• [Problem description]:
In the answer, each line must appear exactly as in the records, and no picture may appear.

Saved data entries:
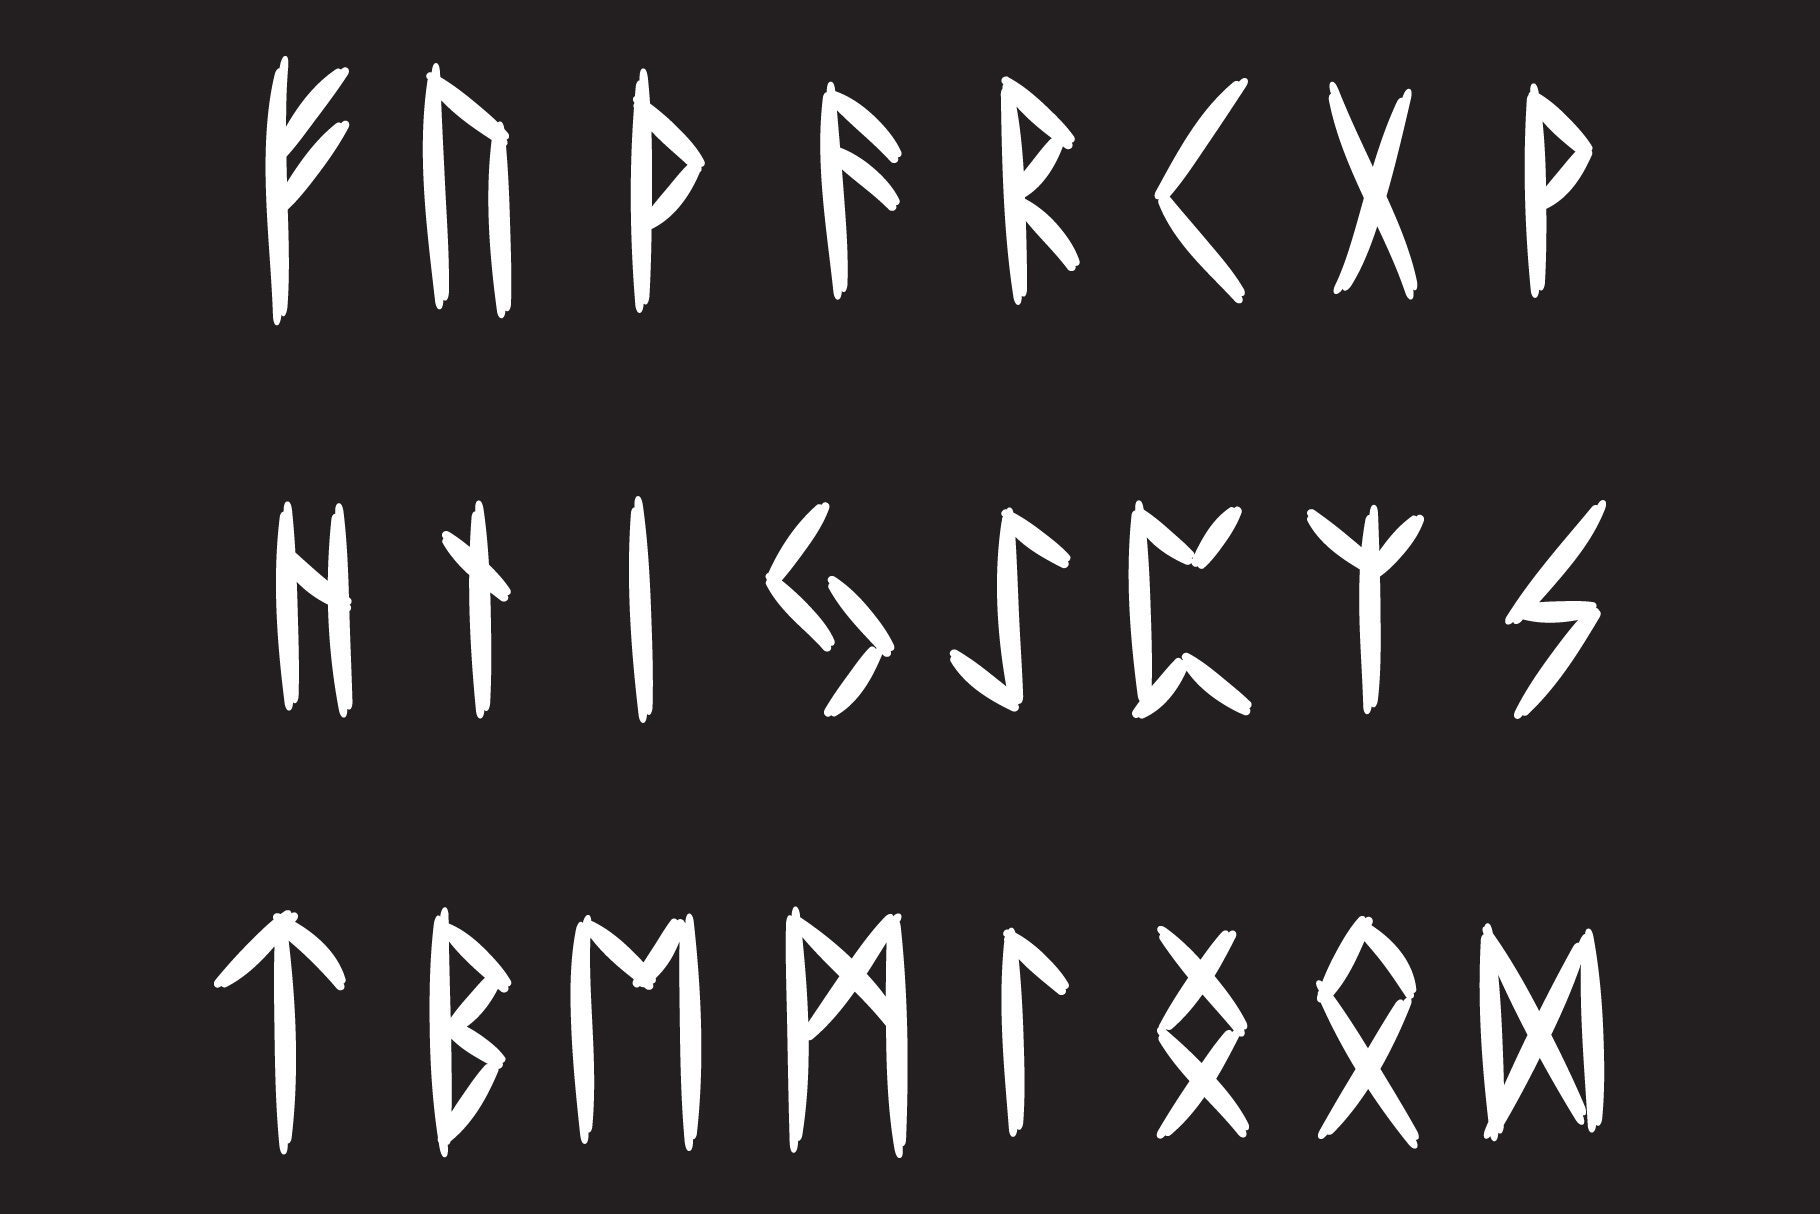 elder futhark runes unicode
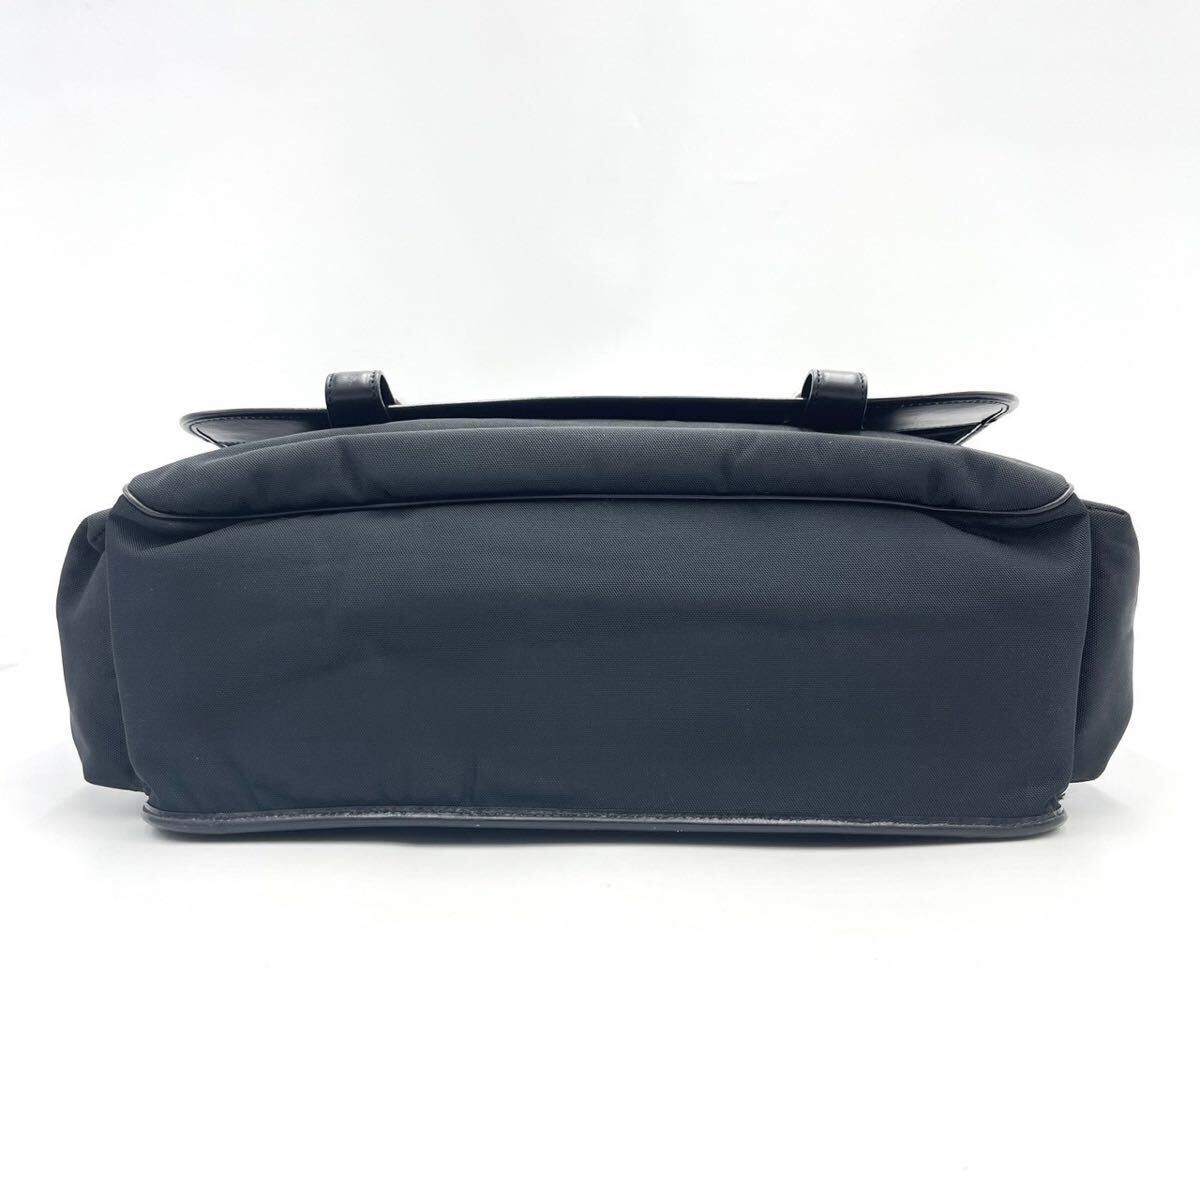 1 jpy ~/ modern times model * Dunhill dunhill shoulder bag messenger bag business bag high capacity A4 storage Logo nylon black black 
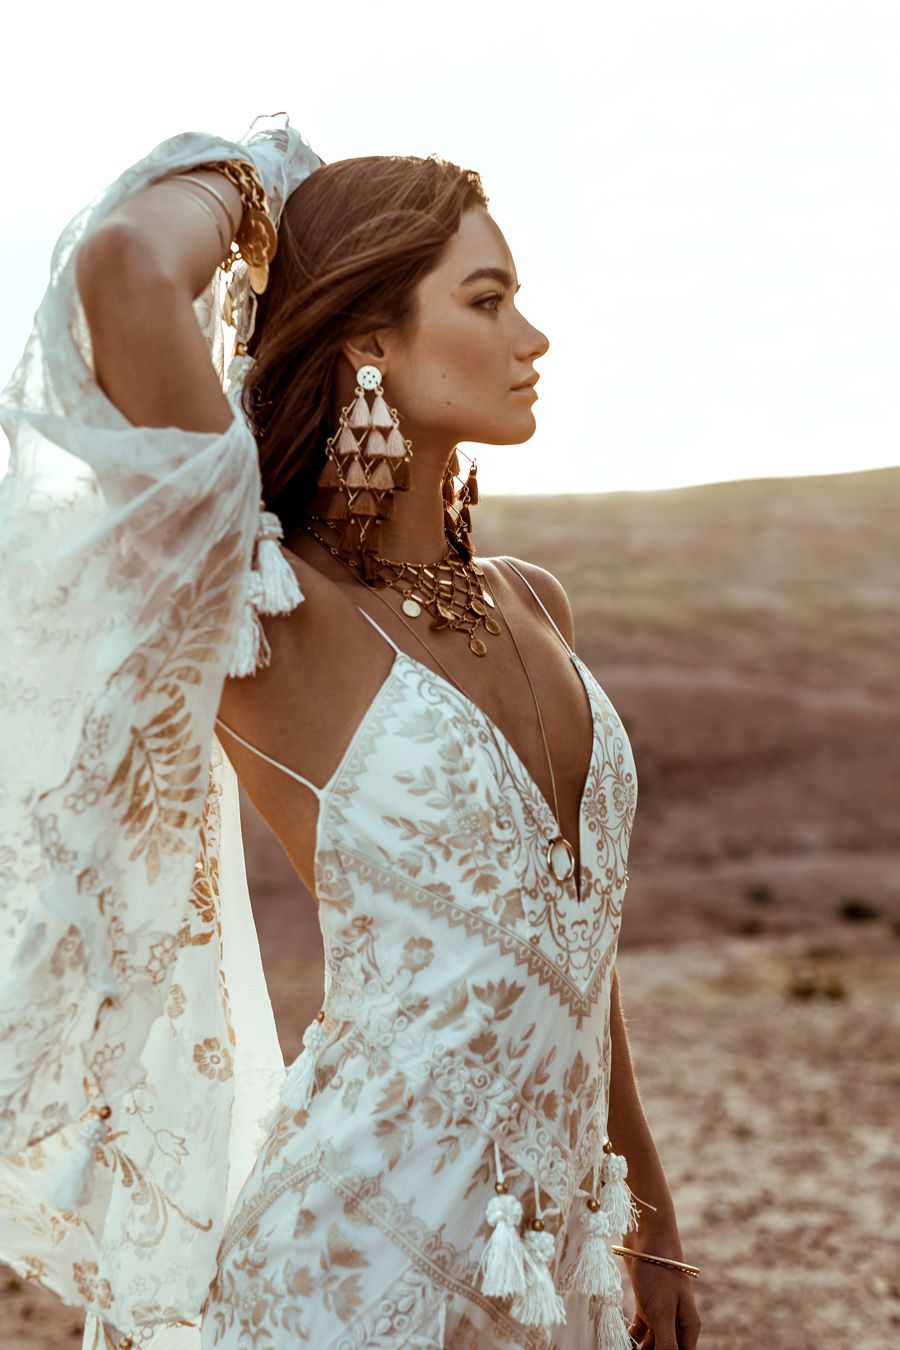 La marca de vestidos de novia con alma 'boho' - Rue de de novia de inspiración hippie
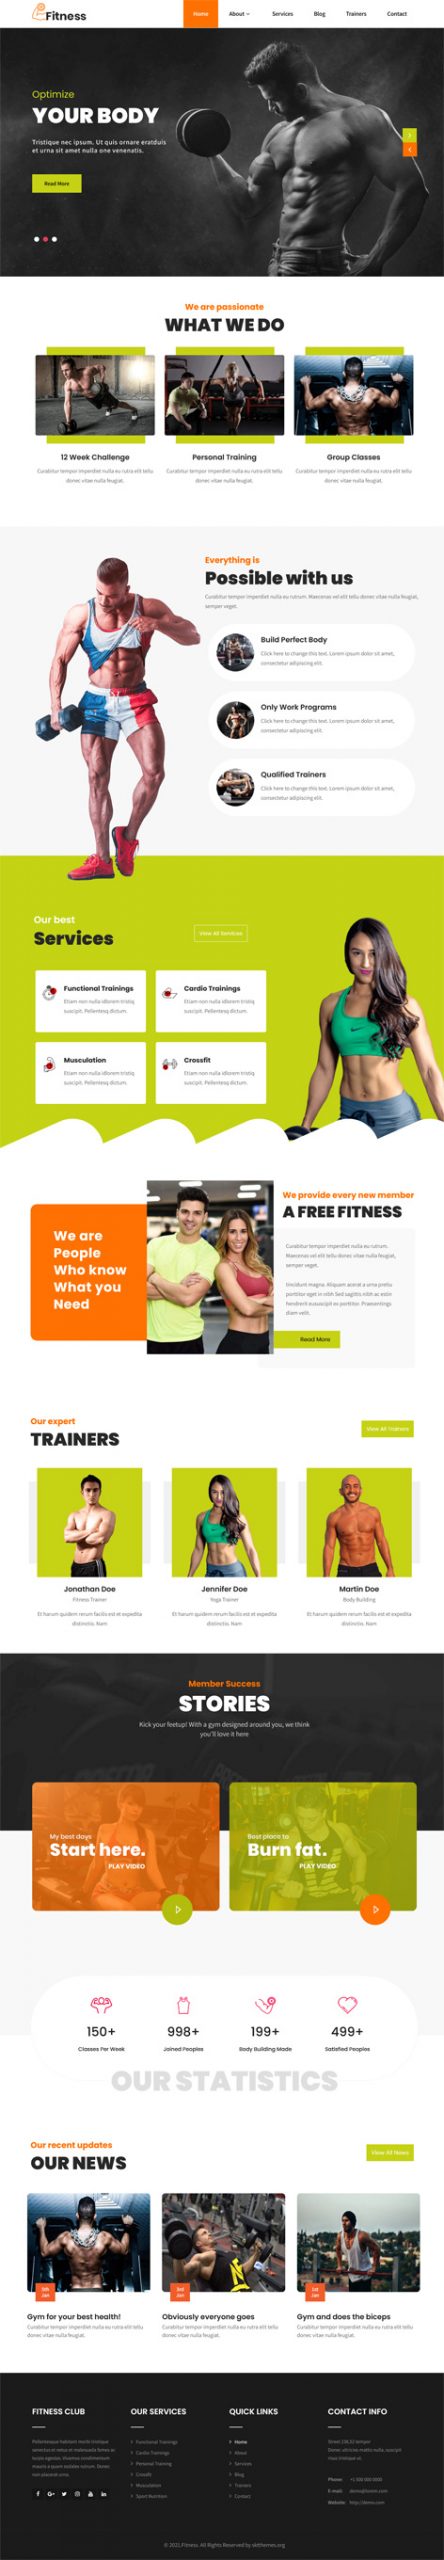 Fitness Gym WordPress theme scaled
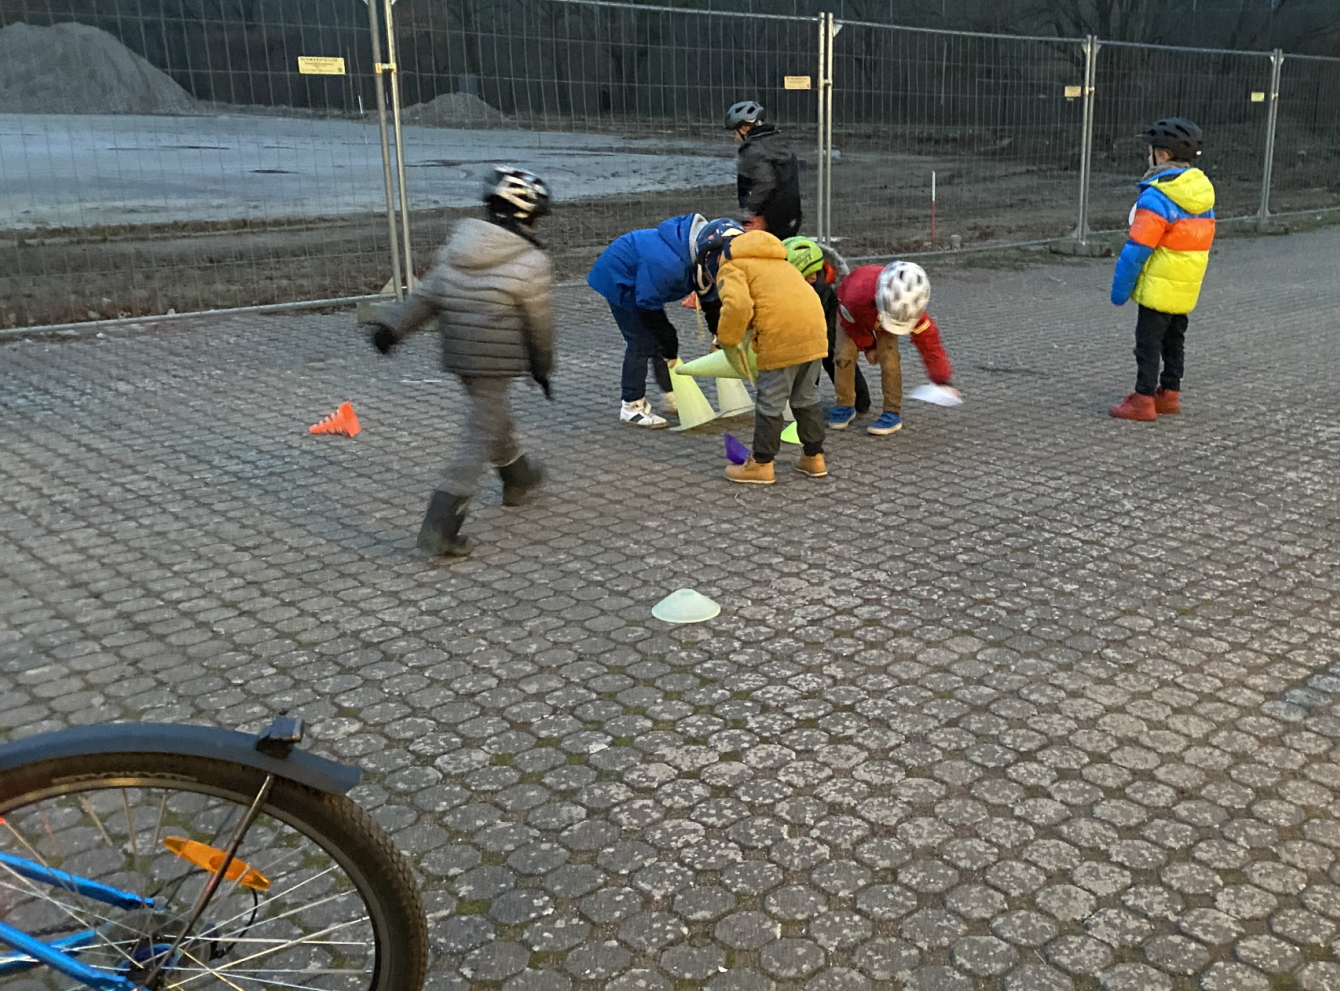 Kinder bauen Hindernisse für einen Fahrrad-Parcours auf

• [Your response]:
 elder futhark runes unicode
 1 jpy ~/ modern times model * Dunhill dunhill shoulder bag messenger bag business bag high capacity A4 storage Logo nylon black black 
 La marca de vestidos de novia con alma 'boho' - Rue de de novia de inspiración hippie
 Fitness Gym WordPress theme scaled
 Kinder bauen Hindernisse für einen Fahrrad-Parcours auf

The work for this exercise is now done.